Davon kann auch Ex-Nationalspieler Per Günther berichten. Der Sohn des heutigen TV-Experten spielt Basketball in der U17 des Eimsbütteler TV in Hamburg, einem der größten Breitensportvereine Deutschlands: "Ich habe mich mit den Verantwortlichen kurz unterhalten und nach dem WM-Gewinn der Männer gefragt, wie die Situation ist. Und die Antwort war leider, dass sich für sie gar nichts geändert hat. Weil es eine Warteliste gibt. Die war vorher schon voll und jetzt stehen noch deutlich mehr Namen drauf. Aber es sind nicht unbedingt mehr Kinder in den Hallen", so Günther.
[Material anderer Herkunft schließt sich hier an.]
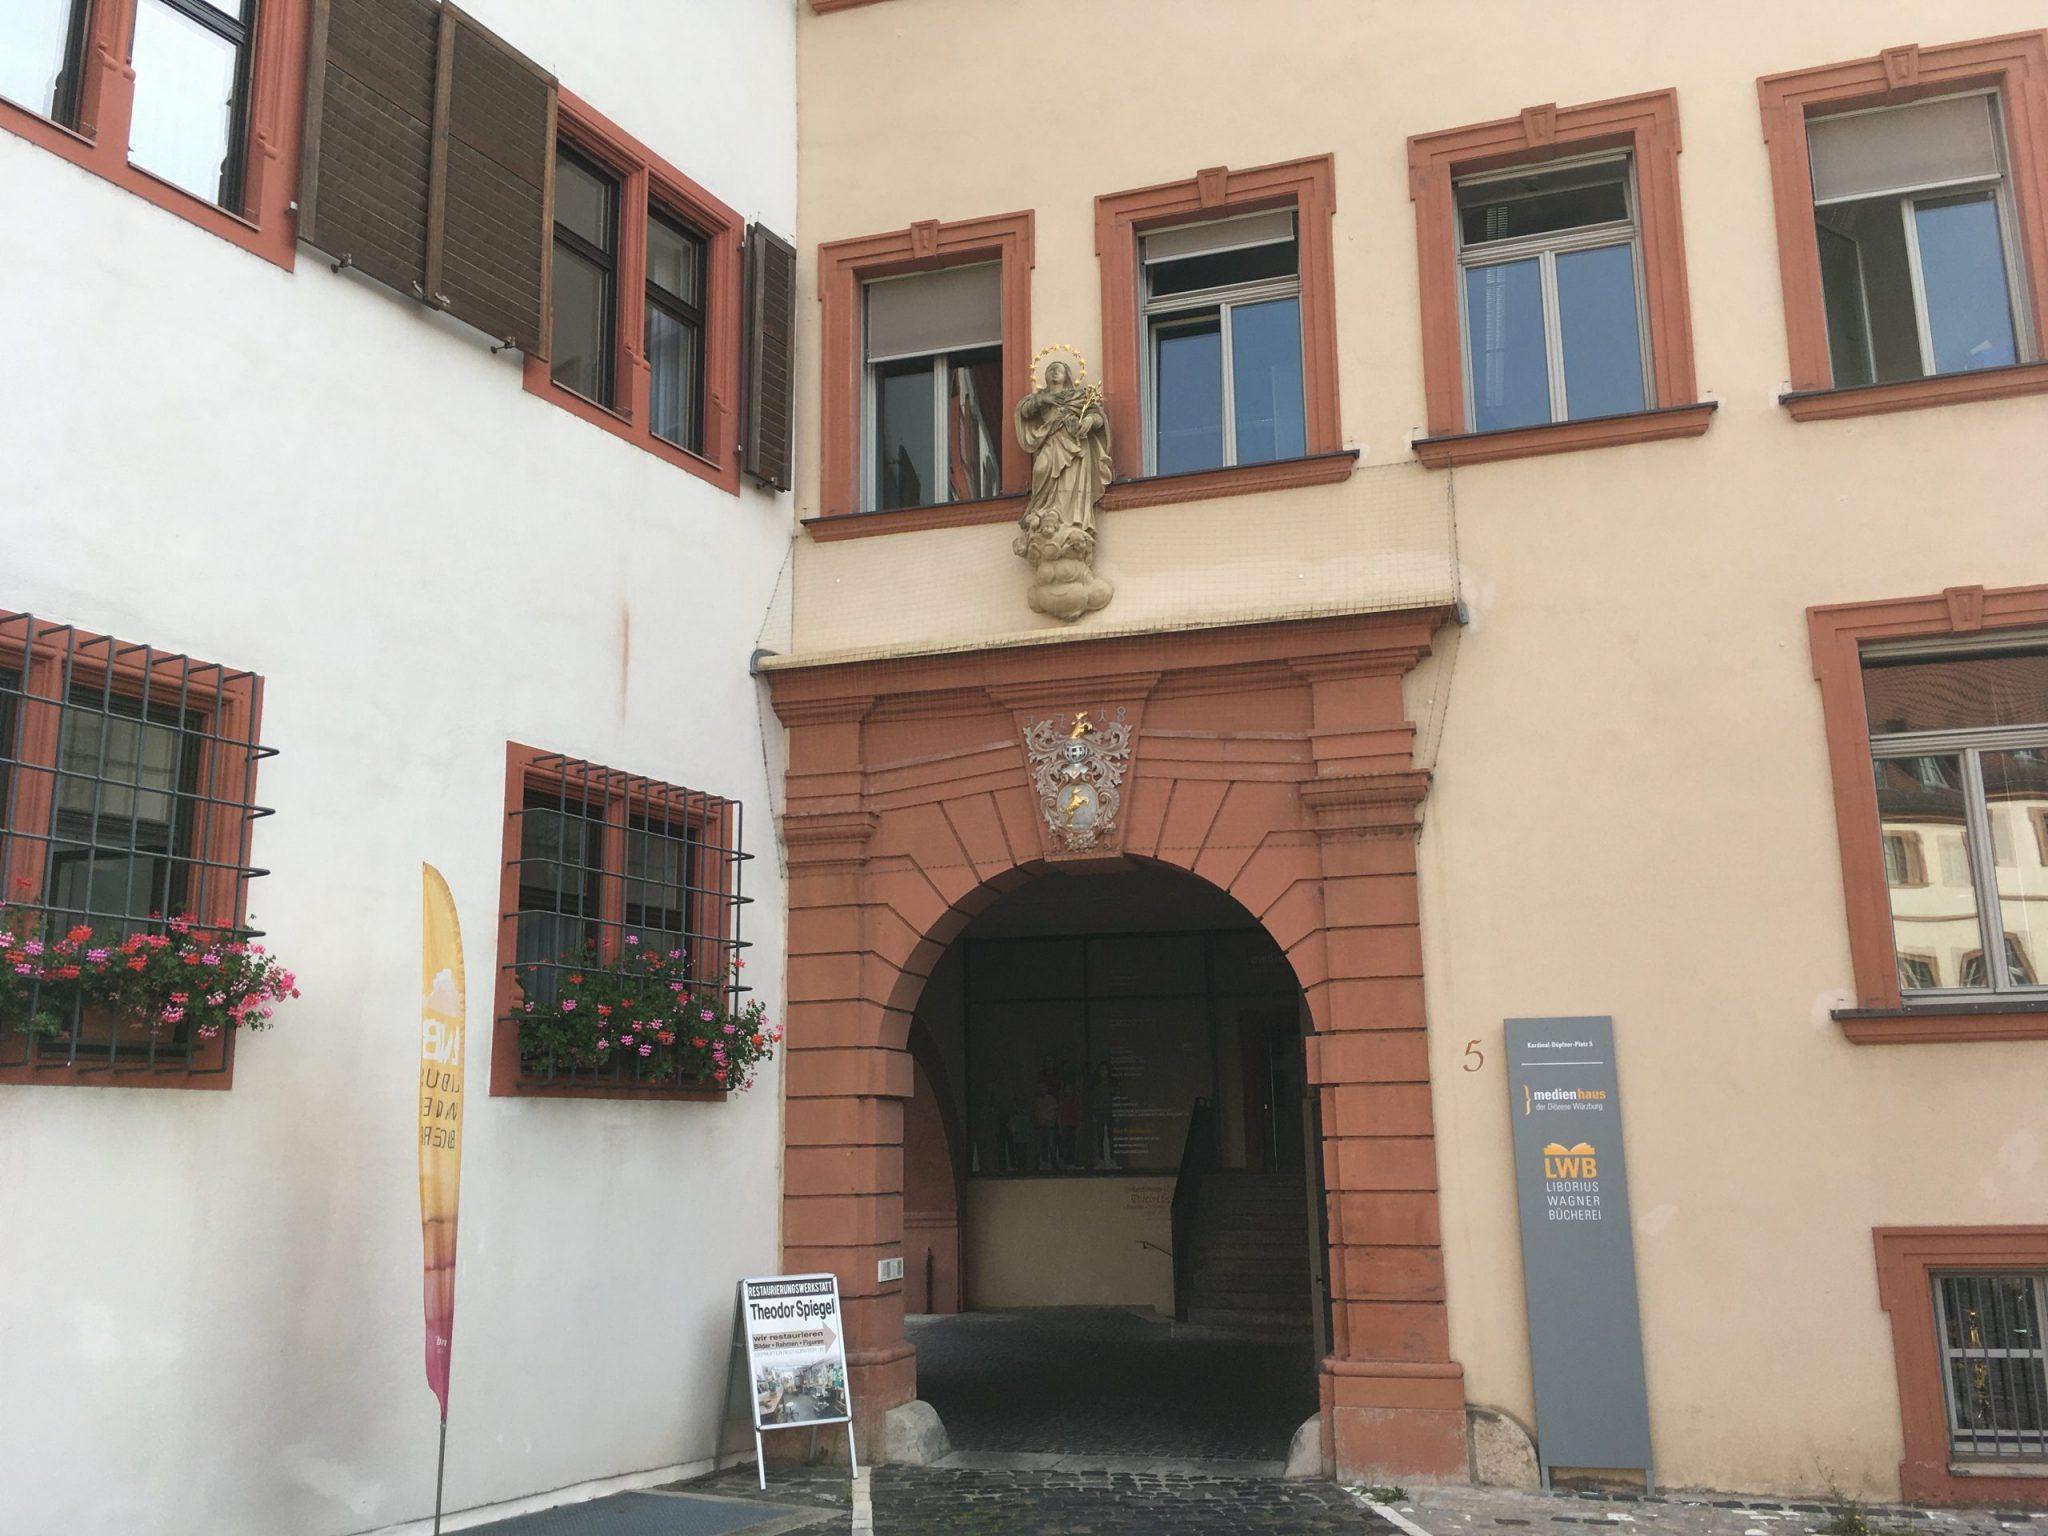 Die Liborius-Wagner-Bücherei des Bistum Würzburg. Foto: Jacob Grimm

Clubs können nicht genügend Hallenzeiten bieten
Mangelnde Hallen-Zeiten sind das größte Problem der Vereine. Und das selbst in Regionen, in denen Basketball Sportart Nummer eins ist. Wie zum Beispiel in und rund um Vechta. In der basketballverrückten Stadt in Niedersachsen wurde Stefan Niemeyer, Clubboss von Bundesligist Rasta Vechta, kurzerhand erfinderisch: "Wir merken das selbst an unserem Standort, dass die Nachfrage noch größer geworden ist. Wir haben uns gerade eine Lagerhalle angemietet, in der wir einen zusätzlichen Basketball-Court installieren, weil unsere Plätze schon nicht mehr ausreichen", so Niemeyer.
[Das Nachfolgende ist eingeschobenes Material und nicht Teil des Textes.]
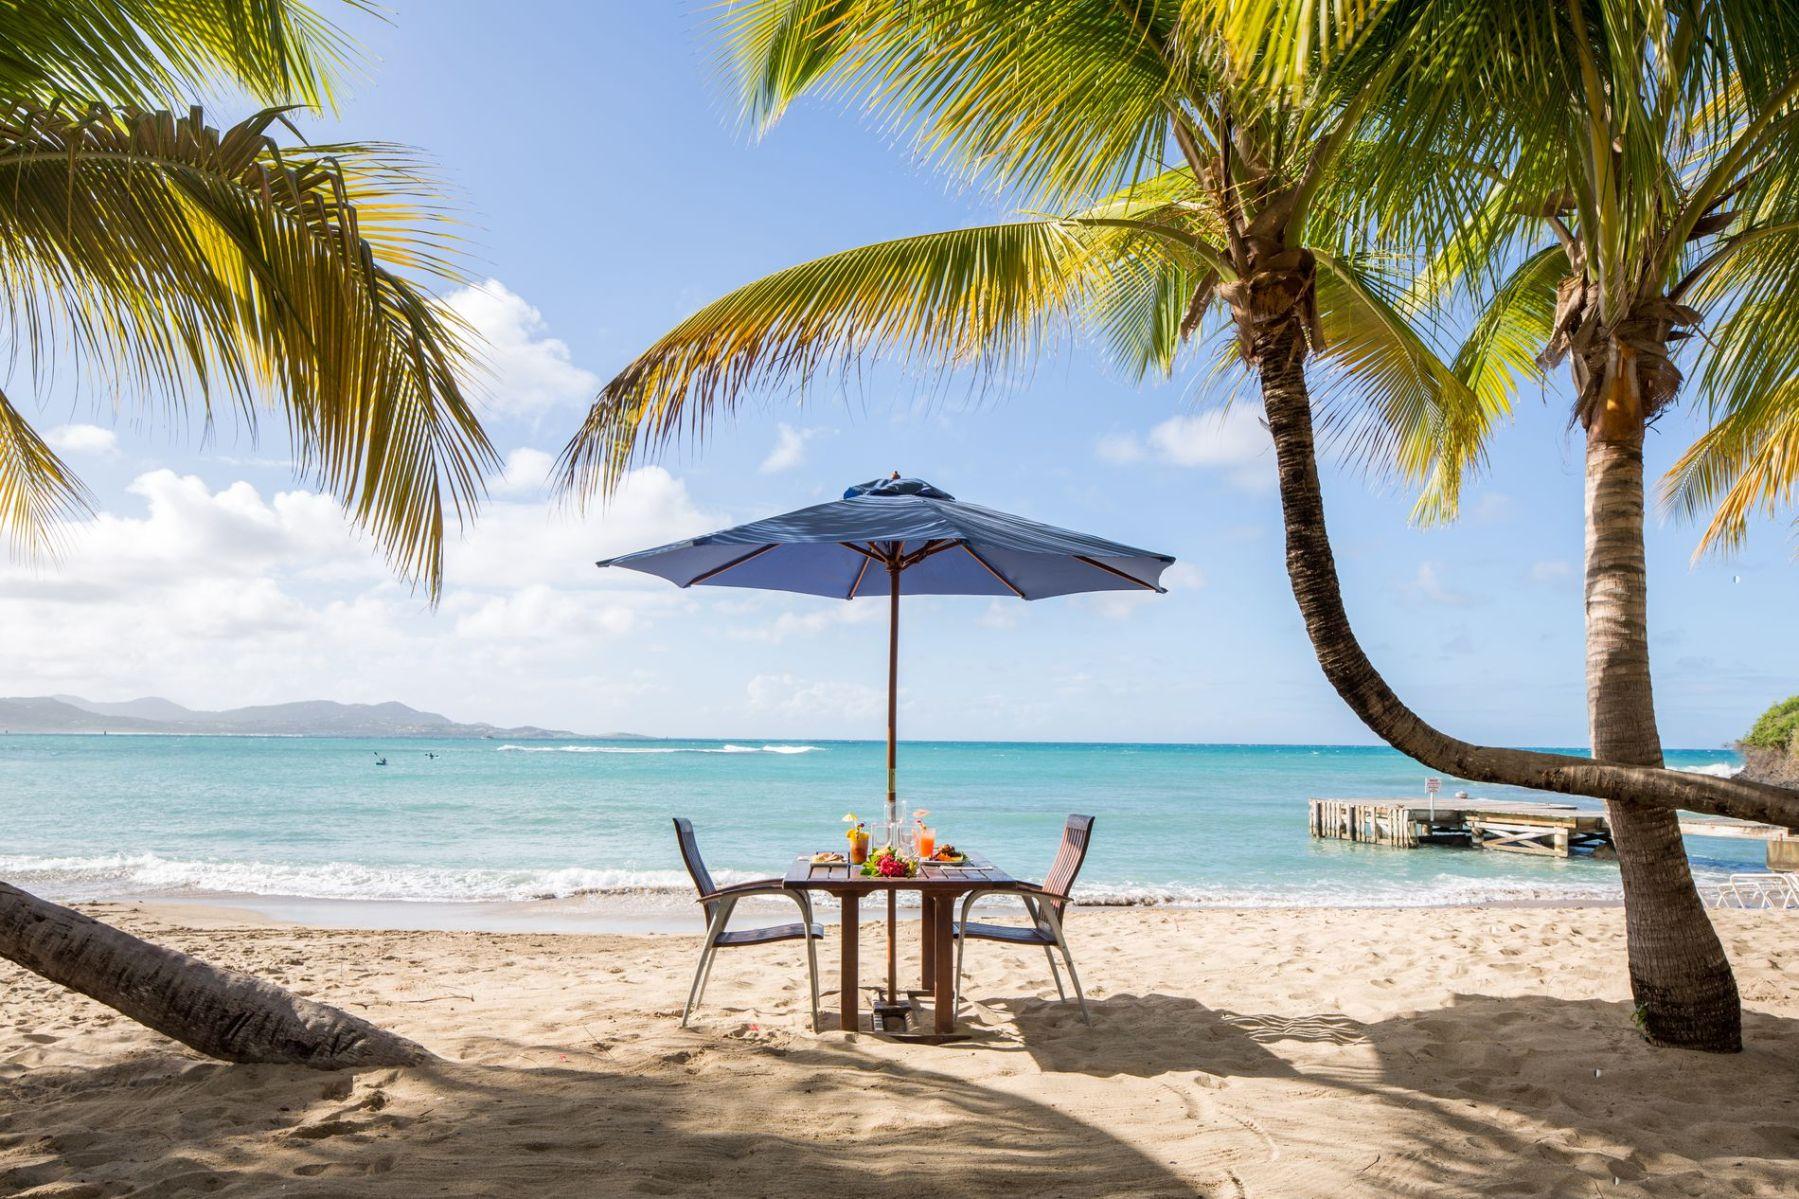 the buccaneer resort beach

Solche Möglichkeiten gibt es aber nicht überall. Auch Vechtas Ligakonkurrent, die Rostock Seawolves, würden gerne mehr Kindern, Jugendlichen und auch Erwachsenen anbieten, Basketball zu spielen, es geht aber einfach nicht: "Die hohe Nachfrage hat auch Nachteile, weil wir das alles gar nicht bedienen können", sagt Thomas Käckenmeister, Pressesprecher der Rostocker: "Also wir haben gar nicht genügend Hallenzeiten und Trainer. Da wünschen wir uns, dass wir mehr Hallen bekommen, dass die Stadt und die Politik hinter uns stehen."
DBB-Präsident Weiss: "Man muss einfallsreich sein"
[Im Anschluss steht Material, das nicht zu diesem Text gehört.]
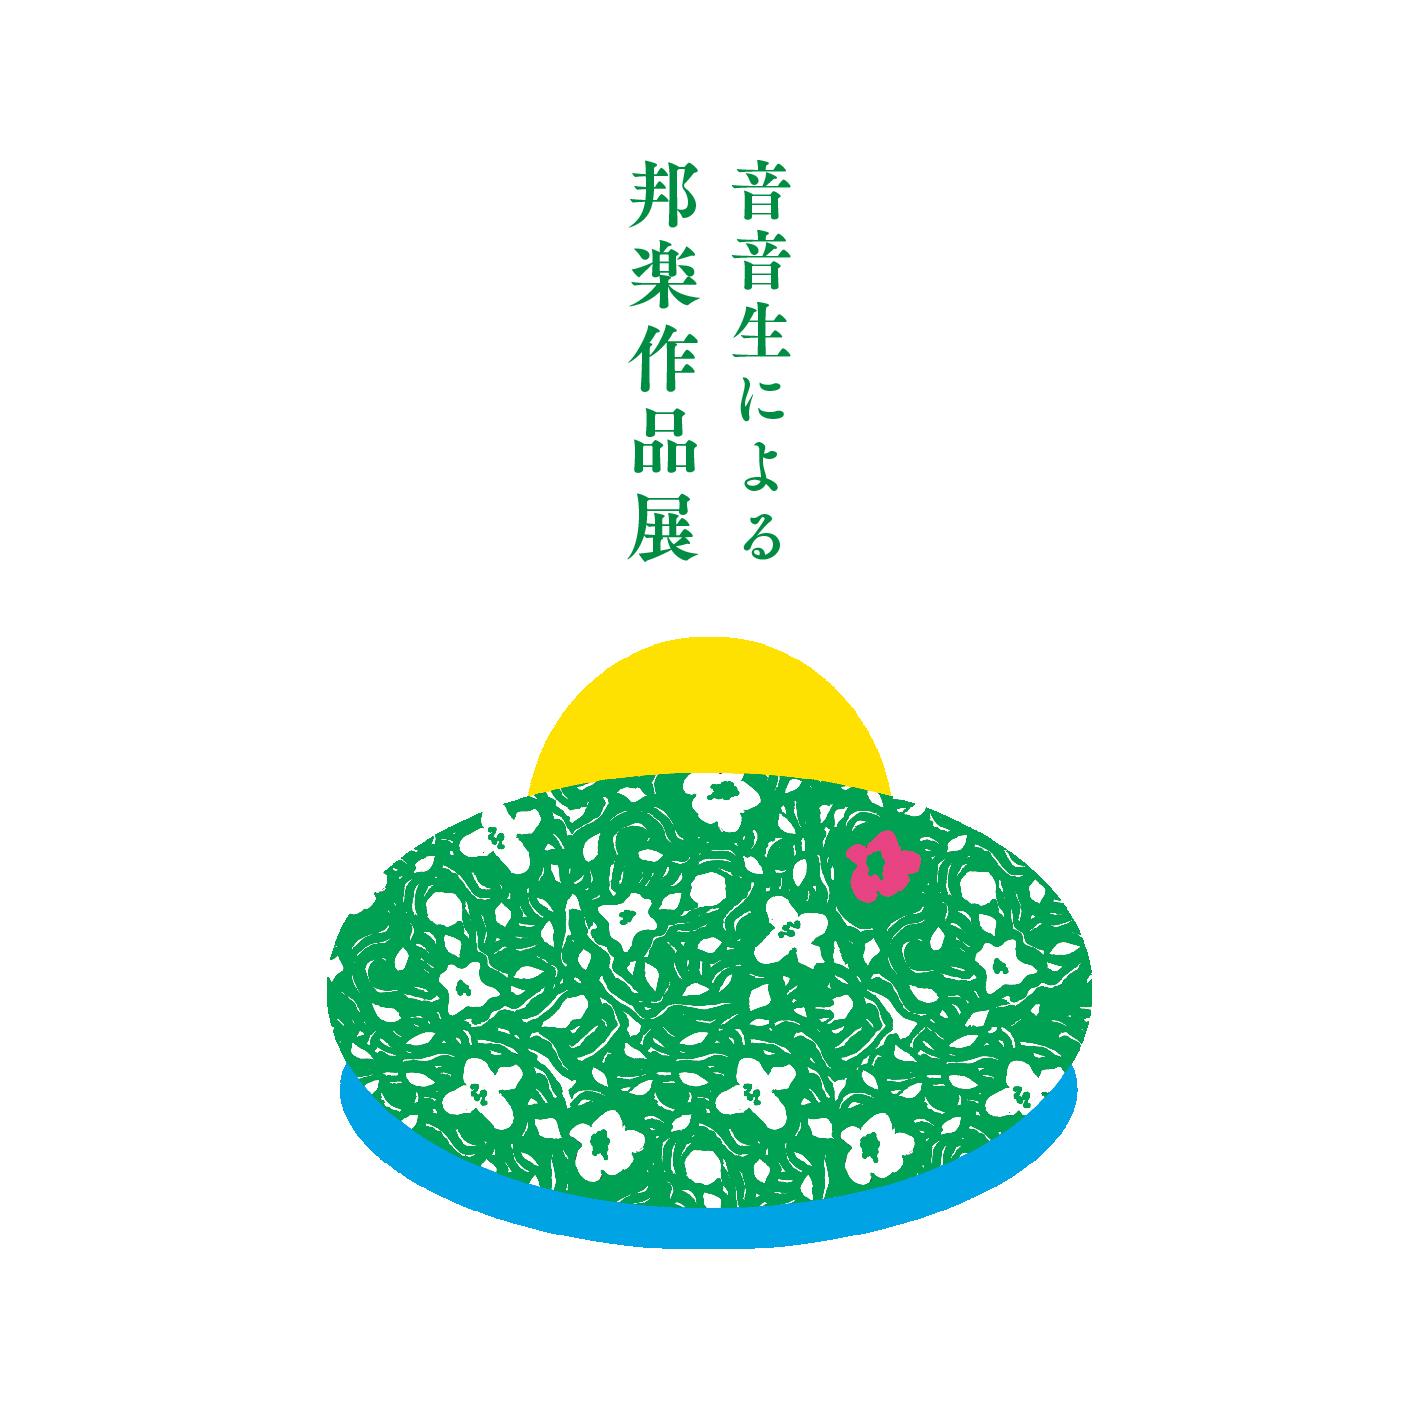 音音生による邦楽作品(2016) 曲「蕩かす淡島」  rhapsodie musique (Tokyo)  → info

Wegen der mangelnden Hallenzeiten besteht die Gefahr, dass viele motivierte Kinder und Jugendliche aus Frust dem Basketball wieder verlorengehen. DBB-Präsident Weiss will dagegen ankämpfen: "Das Positive ist: Der Boom ist ungebrochen. Wir kriegen das hin. Wir haben mittlerweile in unserer Trainerausbildung schon einiges verdoppelt." Auch in den Hallen werde einiges versucht. Weiss: "Dann wird eben eine Dreifeldhalle sechsfach genutzt, weil man ja genügend Körbe hat. Man muss einfallsreich sein. Das sind wir und das bringt dann eben ein Weltmeistertitel auch mit sich."